Once you have created virtual machine with Cloud TPUs, and pre-downloaded the ImageNet data for tensorflow_datasets, please set the following enviroment variables:

TPU_NAME=<tpu-name>
STORAGE_BUCKET=gs://<storage-bucket>
DATA_DIR=$STORAGE_BUCKET/<path-to-tensorflow-dataset>
MODEL_DIR=$STORAGE_BUCKET/<path-to-store-checkpoints>

The following command can be used to pretrain a ResNet-50 on ImageNet (which reflects the default hyperparameters in our paper):

python run.py --train_mode=pretrain \
  --train_batch_size=4096 --train_epochs=100 --temperature=0.1 \
  --learning_rate=0.075 --learning_rate_scaling=sqrt --weight_decay=1e-4 \
  --dataset=imagenet2012 --image_size=224 --eval_split=validation \
  --data_dir=$DATA_DIR --model_dir=$MODEL_DIR \
  --use_tpu=True --tpu_name=$TPU_NAME --train_summary_steps=0

A batch size of 4096 requires at least 32 TPUs. 100 epochs takes around 6 hours with 32 TPU v3s. Note that learning rate of 0.3 with learning_rate_scaling=linear is equivalent to that of 0.075 with learning_rate_scaling=sqrt when the batch size is 4096. However, using sqrt scaling allows it to train better when smaller batch size is used.

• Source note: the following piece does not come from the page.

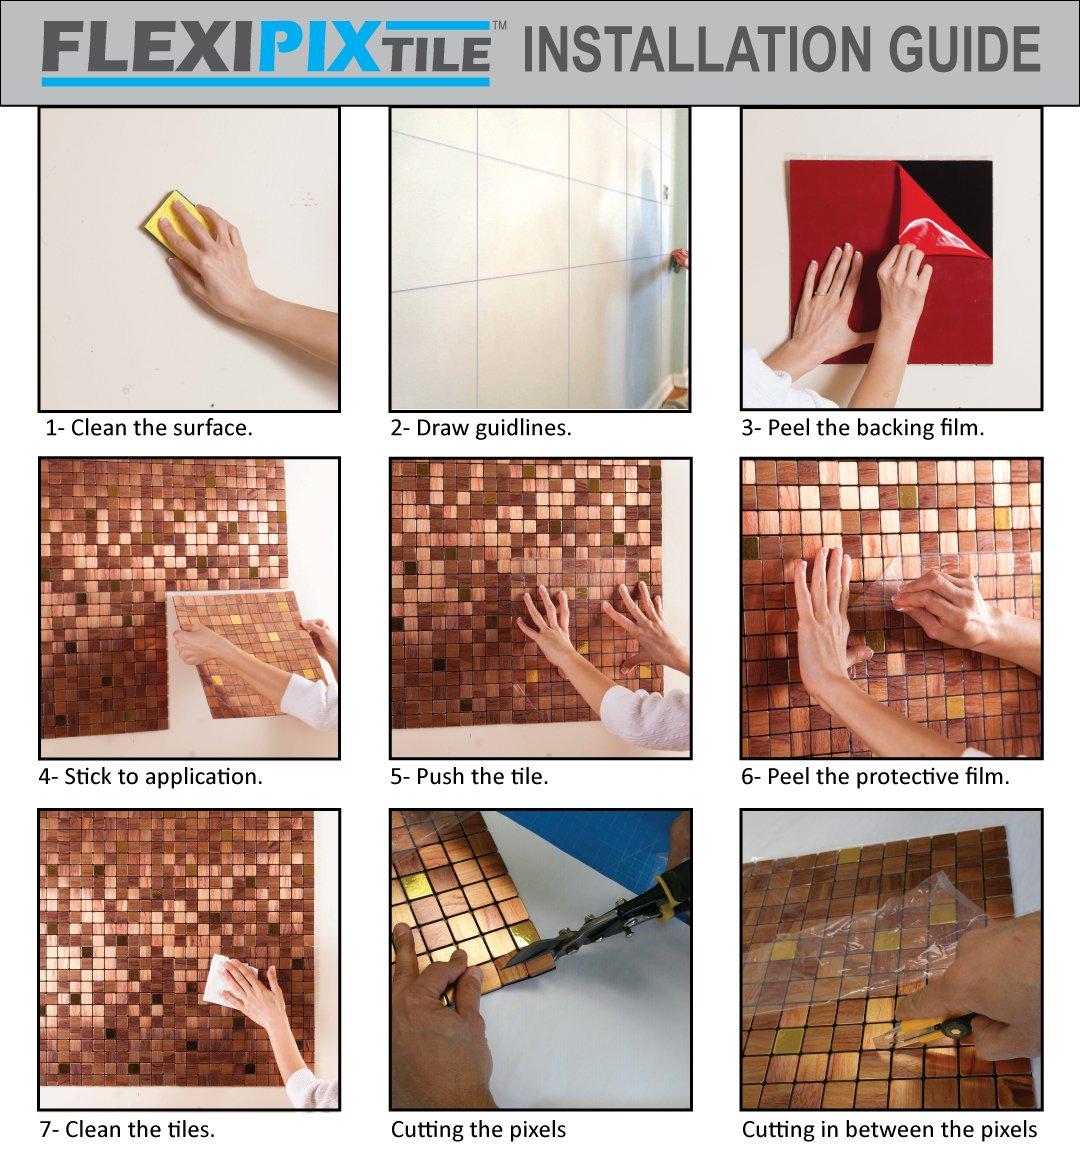 amazon com flexipixtile modern aluminum mosaic tile peel amazon com flexipixtile modern aluminum mosaic tile peel stick backsplash accent wall 1 sq ft red velvet home kitchen

Finetuning the linear head (linear eval)

To fine-tune a linear head (with a single GPU), try the following command:

python run.py --mode=train_then_eval --train_mode=finetune \
  --fine_tune_after_block=4 --zero_init_logits_layer=True \
  --variable_schema='(?!global_step|(?:.*/|^)Momentum|head)' \
  --global_bn=False --optimizer=momentum --learning_rate=0.1 --weight_decay=0.0 \
  --train_epochs=100 --train_batch_size=512 --warmup_epochs=0 \
  --dataset=cifar10 --image_size=32 --eval_split=test --resnet_depth=18 \
  --checkpoint=/tmp/simclr_test --model_dir=/tmp/simclr_test_ft --use_tpu=False

You can check the results using tensorboard, such as

python -m tensorboard.main --logdir=/tmp/simclr_test

As a reference, the above runs on CIFAR-10 should give you around 91% accuracy, though it can be further optimized.

For fine-tuning a linear head on ImageNet using Cloud TPUs, first set the CHKPT_DIR to pretrained model dir and set a new MODEL_DIR, then use the following command:

python run.py --mode=train_then_eval --train_mode=finetune \
  --fine_tune_after_block=4 --zero_init_logits_layer=True \
  --variable_schema='(?!global_step|(?:.*/|^)Momentum|head)' \
  --global_bn=False --optimizer=momentum --learning_rate=0.1 --weight_decay=1e-6 \
  --train_epochs=90 --train_batch_size=4096 --warmup_epochs=0 \
  --dataset=imagenet2012 --image_size=224 --eval_split=validation \
  --data_dir=$DATA_DIR --model_dir=$MODEL_DIR --checkpoint=$CHKPT_DIR \
  --use_tpu=True --tpu_name=$TPU_NAME --train_summary_steps=0

As a reference, the above runs on ImageNet should give you around 64.5% accuracy.

Semi-supervised learning and fine-tuning the whole network

You can access 1% and 10% ImageNet subsets used for semi-supervised learning via tensorflow datasets: simply set dataset=imagenet2012_subset/1pct and dataset=imagenet2012_subset/10pct in the command line for fine-tuning on these subsets.

You can also find image IDs of these subsets in imagenet_subsets/.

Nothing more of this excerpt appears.